Выбрать главу

Я не имел никакого отношения к аппарату управления немецким партийным архивом, но мне пришлось в течение ряда лет в нем работать, я был с ним связан по линии архива русского и хорошо знал ценность собранных в нем материалов, а потому с первых же дней прихода Гитлера к власти поставил и перед руководителями архива, и перед Форштандом партии вопрос о необходимости вывоза за границу во всяком случае всего рукописного фонда архива.

Разговоры мне пришлось вести с Отто Вельсом, который был тогда бесспорным хозяином всего огромного партийного аппарата. Иногда в них участие принимал Пауль Гертц, который, как мне тогда передали, был уполномочен Форштандом принимать вместе с О. Вельсом решения по архивному вопросу. Мне трудно теперь восстановить в деталях весь ход этих переговоров: события шли быстро и неожиданными скачками, встречи часто происходили на ходу, переговоры об архиве переплетались с общеполитическими спорами. Поэтому вполне естественно, что память удержала лишь общую схему и отдельные детали, почему-либо казавшиеся особенно интересными. Но так как эта общая схема в моих воспоминаниях сохранилась в основе такой же, как и в воспоминаниях Пауля Гертца, с которым я незадолго до его смерти (он умер в Берлине в 1961 г.) обменялся письмами по этому вопросу (других участников тех событий уже давно не было в живых), то схему эту можно считать правильной. Тем более что и с О. Вельсом в последние месяцы его жизни (он умер под Парижем поздней осенью 1939 г.) у меня было несколько разговоров на эту тему, и от них осталось вполне отчетливое впечатление, что он принимал мое изложение событий…

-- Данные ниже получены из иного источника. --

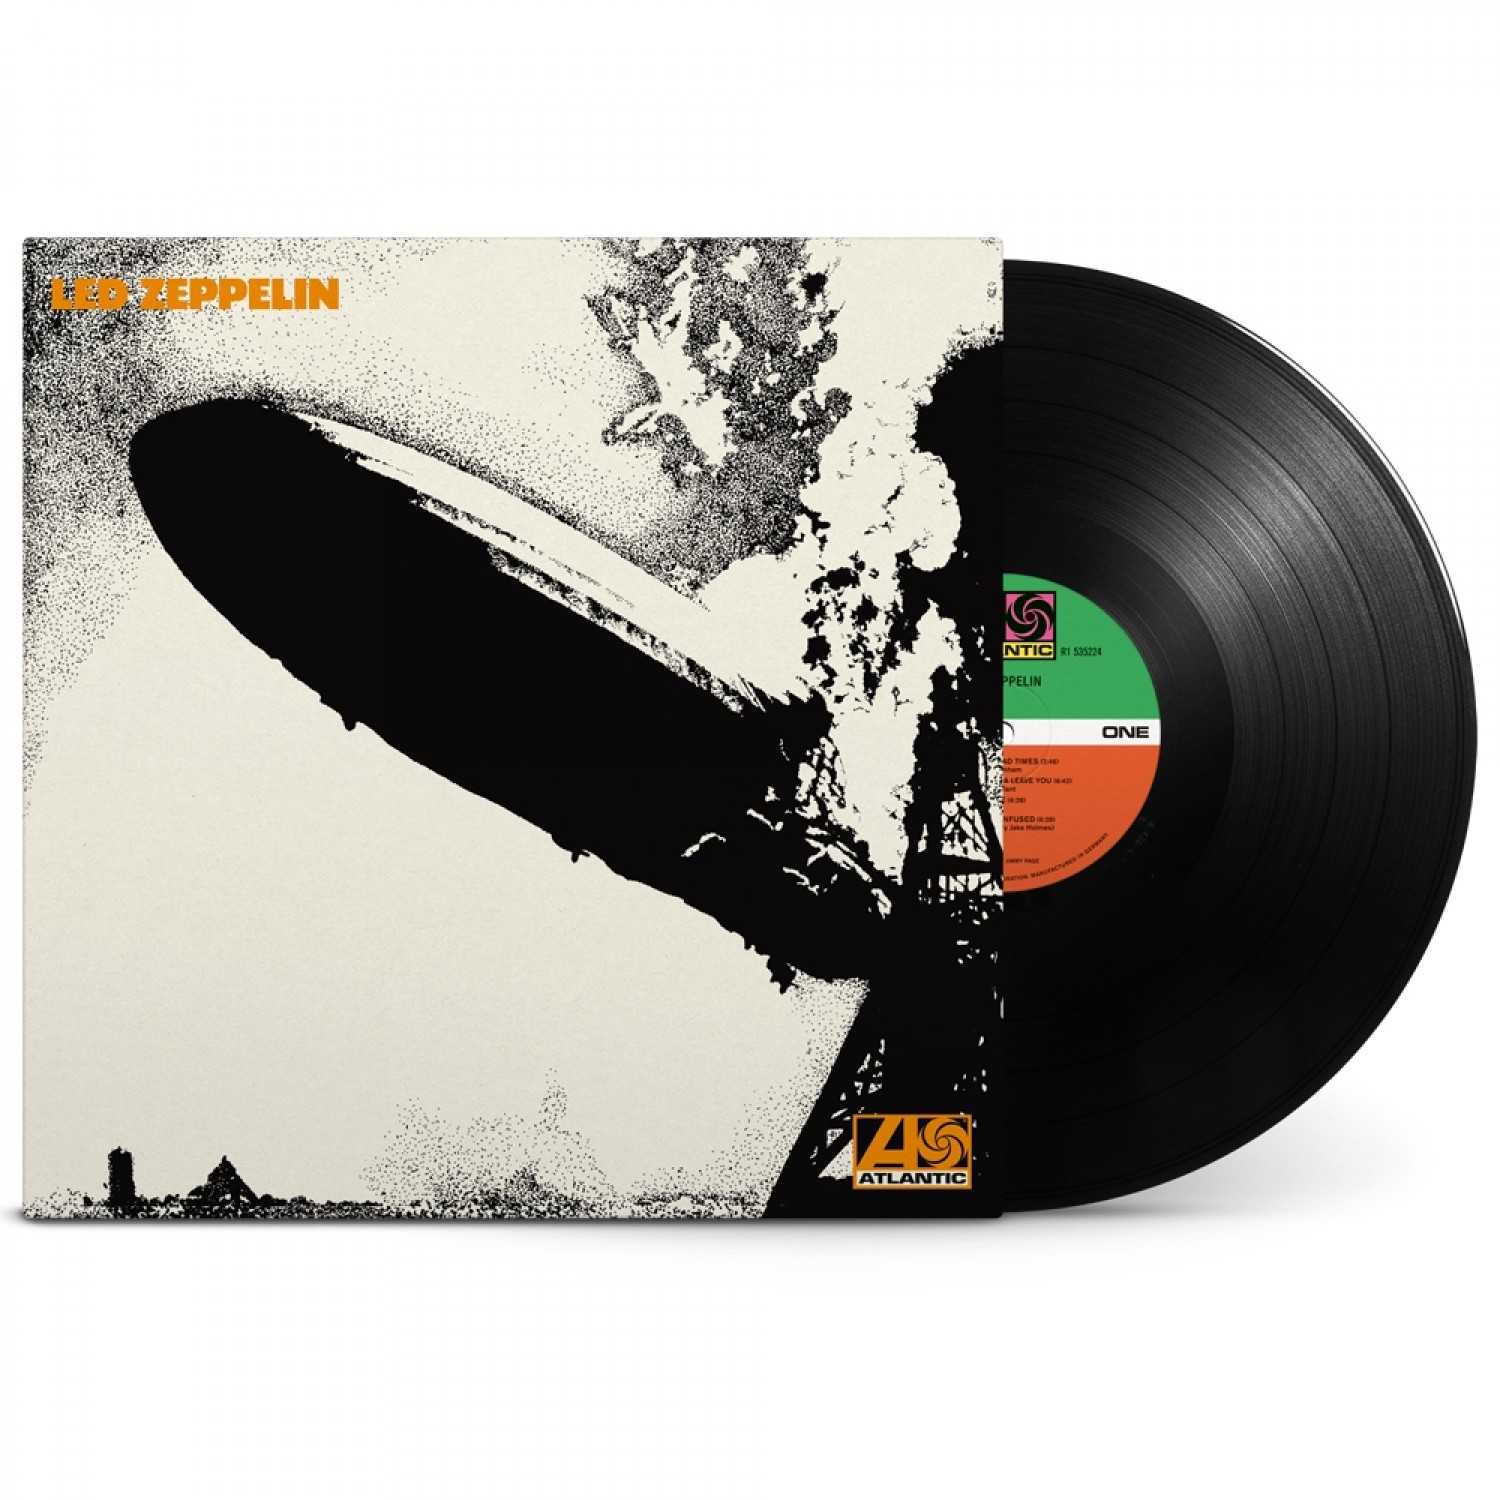 Coda (альбом led zeppelin)

Первую беседу с О. Вельсом я имел в самые первые дни после прихода Гитлера к власти. Вывоз немецкого архива тогда был вполне возможен. Правда, у главного выхода из здания Форштанда, на Линденштрассе, чуть ли не с первого дня дежурили гитлеровские дружинники, но второй выход, на Альте, Якобштрассе, ими еще не был заблокирован. Если вывозить только рукописные материалы, а о вывозе исключительно ценной библиотеки не было и речи: она была чересчур велика, то подлежавшую вывозу массу можно было уместить на небольшом грузовике. Средства, отсутствие которых составляло главнейшую трудность для Русского архива, у Форштанда, конечно, имелись. Войти в соглашение с посольством какой-либо страны, в состав правительства которой входили социалисты, не составило бы труда, и вывоз архива за границу был бы обеспечен… Но Вельс и слышать не хотел о такой "авантюре", как он и многие другие тогда называли вывоз архива.

Не следует думать, что Вельс не считал нужной борьбу против Гитлера: он только о ней и думал и интересам именно этой борьбы подчинял все поведение германской социал-демократии. Правда, прямое выступление рабочих против Гитлера на данном этапе он считал невозможным, особенно ввиду предательского поведения коммунистов, которые в предыдущие месяцы всячески помогали гитлеровцам взрывать демократические организации и тем самым показали, что рассчитывать на них как на союзников в борьбе против Гитлера невозможно. Но он верил в ближайшее будущее, был убежден, что "национальная революция" Гитлера лишь скользит по поверхности германского общества, постепенно выдыхаясь в своем порыве: считал, что гитлеровцы то ли не посмеют, то ли не смогут сломать старые рабочие организации и с.-д. партию, и это даст возможность беречь старые кадры, которые станут особенно необходимы в тот момент, когда массы, идущие теперь за Гитлером или толерирующие его, начнут от него отворачиваться…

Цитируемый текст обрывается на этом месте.